Cosmological implications of the minimum viscosity principle

TL;DR

This paper explores how black holes in a quark-gluon plasma with minimum viscosity bounds relate to early universe conditions, suggesting long-lived remnants and implications for quantum structures and cosmology.

Contribution

It introduces a novel connection between minimum viscosity black holes, early universe quark asymmetries, and quantum coherent structures, proposing new cosmological and quantum computing implications.

Findings

Black holes obeying minimum viscosity bounds match the strong force range.

Estimated black hole evaporation time exceeds the quark-gluon plasma era.
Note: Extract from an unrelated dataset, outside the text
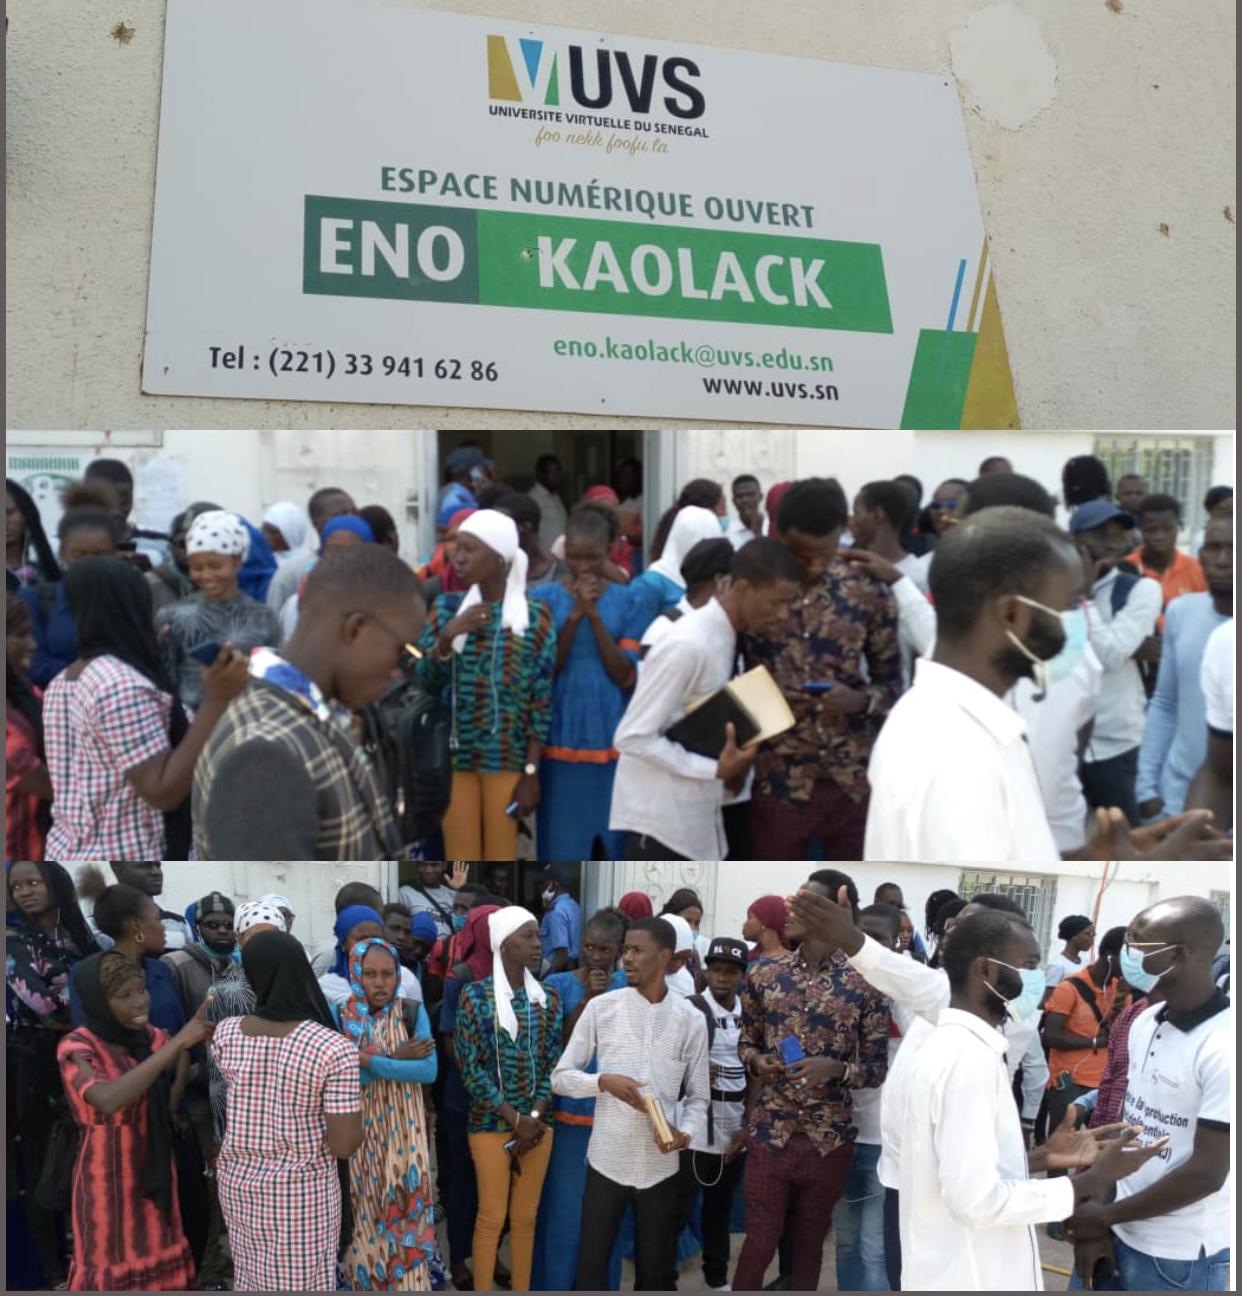 Kaolack : Les étudiants de l'Uvs dénoncent les couacs au niveau de leur administration.
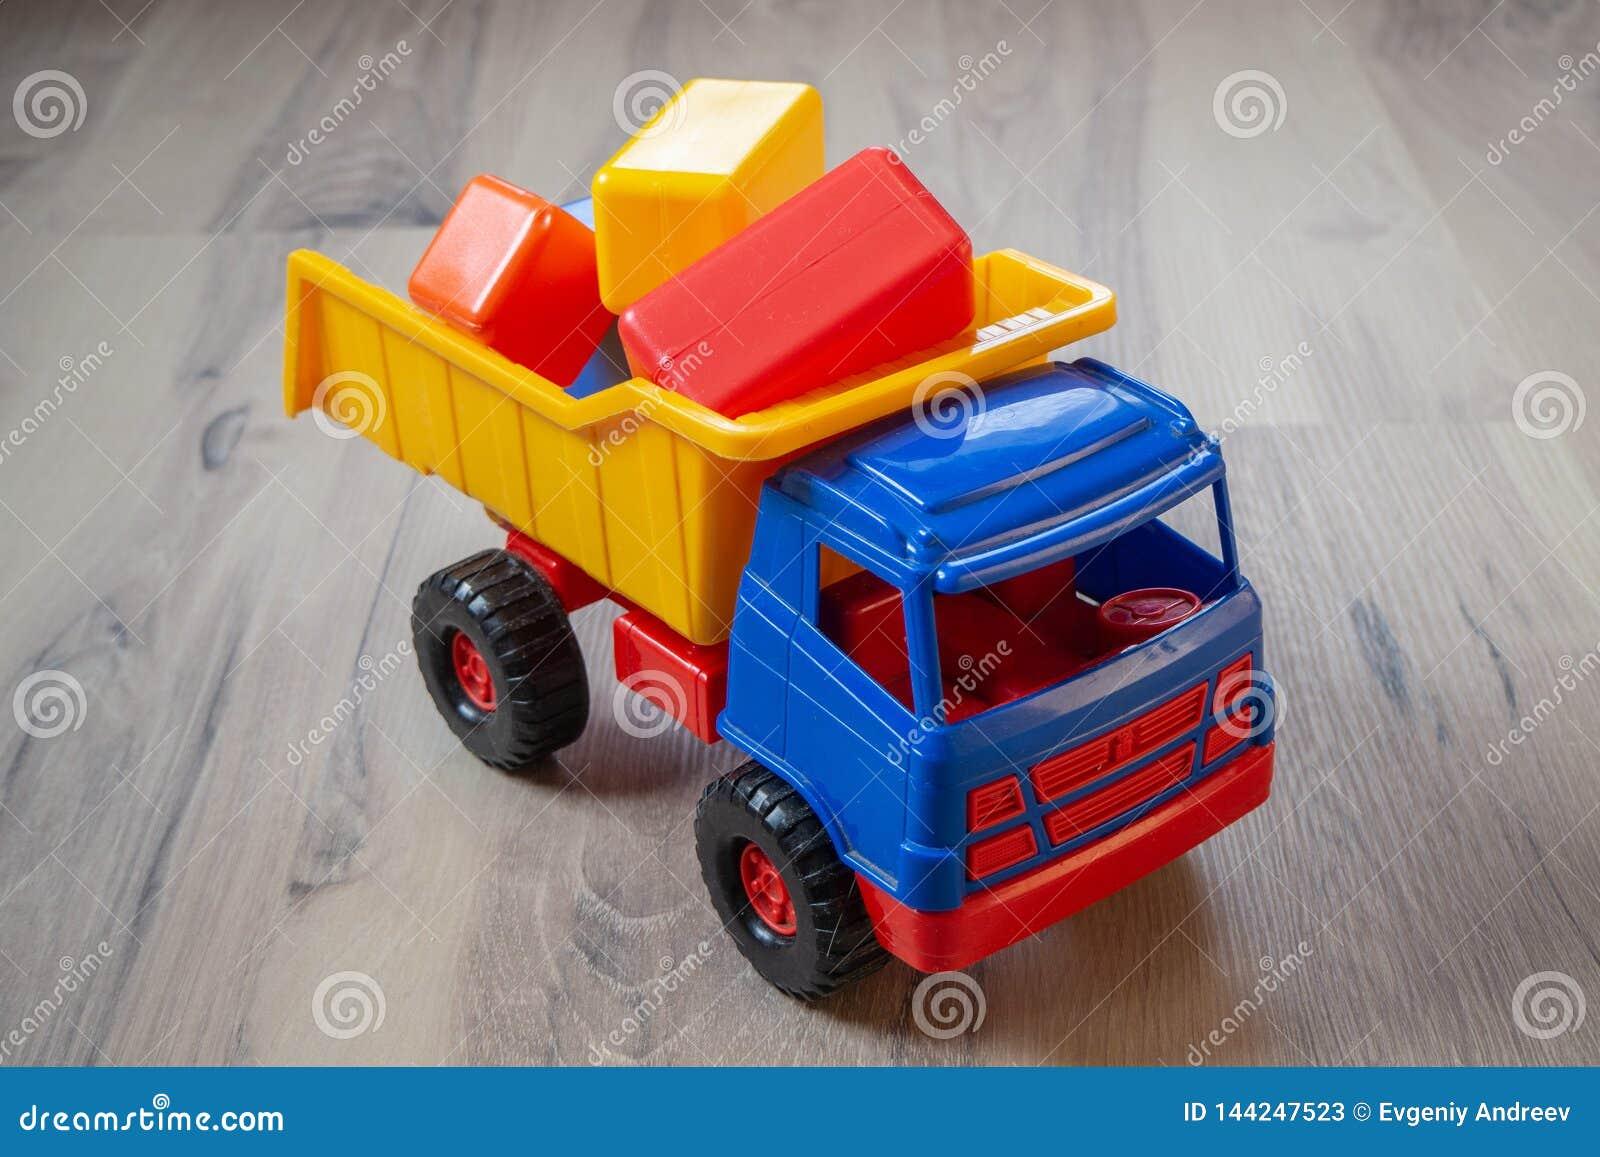 Bunter Spielzeug-LKW

Possible survival of quark-antiquark asymmetries as antiquark nuggets.

Abstract

It is shown that black holes in a quark gluon plasma (QGP) obeying minimum viscosity bounds, exhibit a Schwarzschild radius in close match with the range of the strong force. For such black holes, an evaporation time of about 1016 secs is estimated, indicating that they would survive by far the quark-gluon plasma era, namely between 10^-10 and 10^-6 seconds after the big bang. On the assumption that the big-bang generated unequal amounts of quark and antiquarks, this suggests that such unbalance might have survived to this day in the form of excess antiquark nuggets hidden to all but gravitational interactions. A connection with the saturon picture, whereby minimum viscosity regimes would associate with the onset coherent quantum field structures with maximum storage properties, is also established, along with potential implication for quantum computing of classical systems.